To address the incremental learning issues in NFS models such as a DENFIS, Chang, Talei [109] adopted the self-adaptive fuzzy inference network (SaFIN) for rainfall–runoff modeling applications in three distinct catchments located in China, Sweden, and Australia. The learning mechanism in a SaFIN is a self-organizing neural fuzzy system capable of local learning [100]. The clustering technique in a SaFIN is categorical learning-induced partitioning (CLIP), which updates the model for incoming data. A SaFIN has a self-automated rule generation system that runs through the partitioned data by CLIP at two stages. The first stage is the rule generation using the created clusters by CLIP. Then, in the second stage, a rule-pruning mechanism gets activated to check the rules for consistency. Once an inconsistency is identified, the rule-pruning algorithm removes the more obsolete rule. To date, a SaFIN has been compared with a DENFIS for rainfall–runoff modeling in five catchments with different sizes and types. Table 1 summarizes the performance of a SaFIN and DENFIS in these catchments in terms of the Nash–Sutcliffe coefficient of efficiency (CE), R2, RMSE, and MAE. As can be seen, the SaFIN consistently outperformed the DENFIS in all catchments in terms of different performance criteria.

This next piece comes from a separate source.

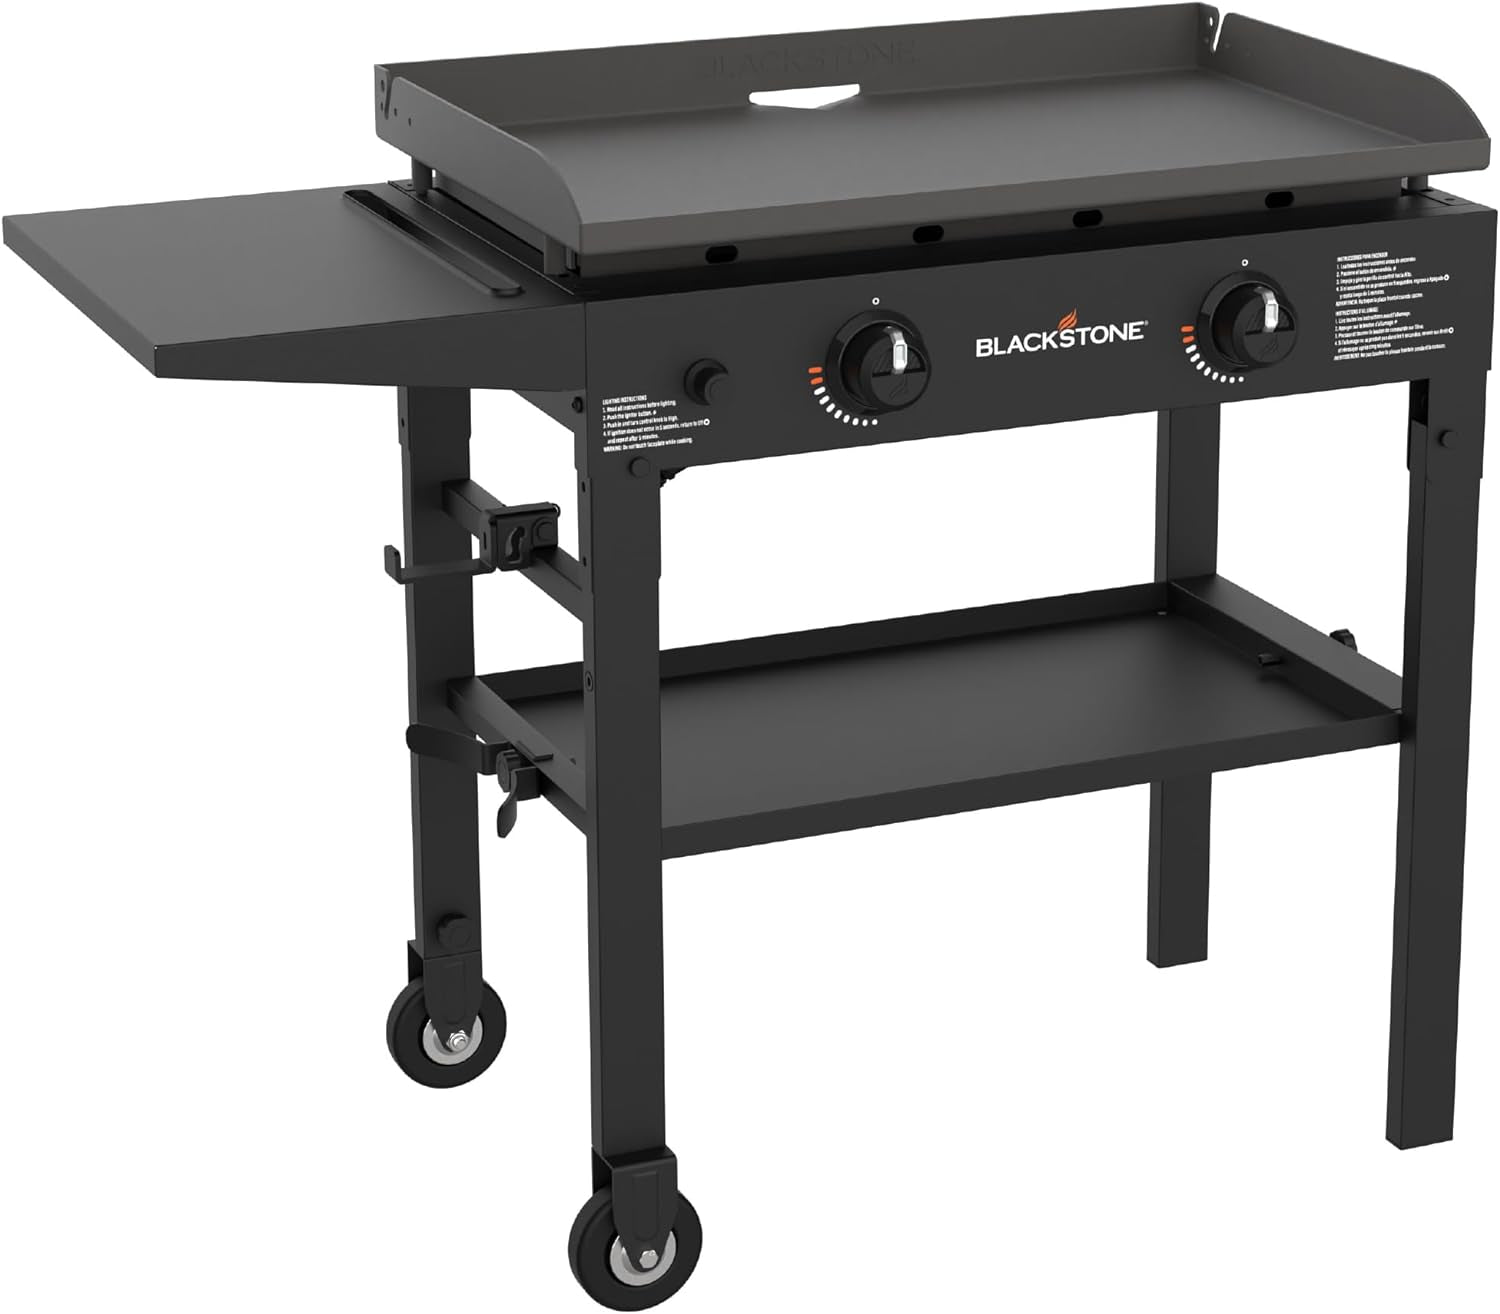 Flat Top Gas Grill Griddle 2 Burner Propane Fuelled Rear Grease Management System, 1517, Outdoor Griddle Station for Camping, 28 Inch

Despite using local learning, the discussed studies on the DENFIS and SaFIN are still considered offline as their learning stops at the end of training stage; this means the rule base does not change anymore when the training is concluded. However, as mentioned earlier in this section, local learning is suitable for online hydrological models for real-time modeling and forecasting. For example, Talei, Chua [101] developed a real-time DENFIS model (RT-DENFIS) and examined its performance for rainfall–runoff modeling in a catchment with 43 years of daily data. The model performance was compared with an ANFIS model. The authors concluded that the ANFIS needs a yearly re-calibration to compete with the RT-DENFIS. Yu, Tan [111] used an online DENFIS to develop an ensemble modeling tool for real-time water level forecasting. Ashrafi, Chua [112] adopted the generic self-evolving Takagi–Sugeno–Kang (GSETSK) algorithm for runoff forecasting in two catchments in Vietnam and Sweden. They compared the results with the ones obtained by a DENFIS and concluded that the online GSETSK outperforms the online DENFIS. The rule-pruning mechanism in GSETSK resulted in a more compact rule base compared to the DENFIS. Similar findings were reported in another study by Ashrafi, Chua [113] where GSETSK was used for rainfall–runoff modeling and river routing applications. The reviewed studies in this section showed the promising capacities of NFS models with local learning for developing adaptive tools that can continuously learn. Such models were successfully used as real-time hydrological modeling and forecasting techniques without a need for re-calibration as their learning process never stops.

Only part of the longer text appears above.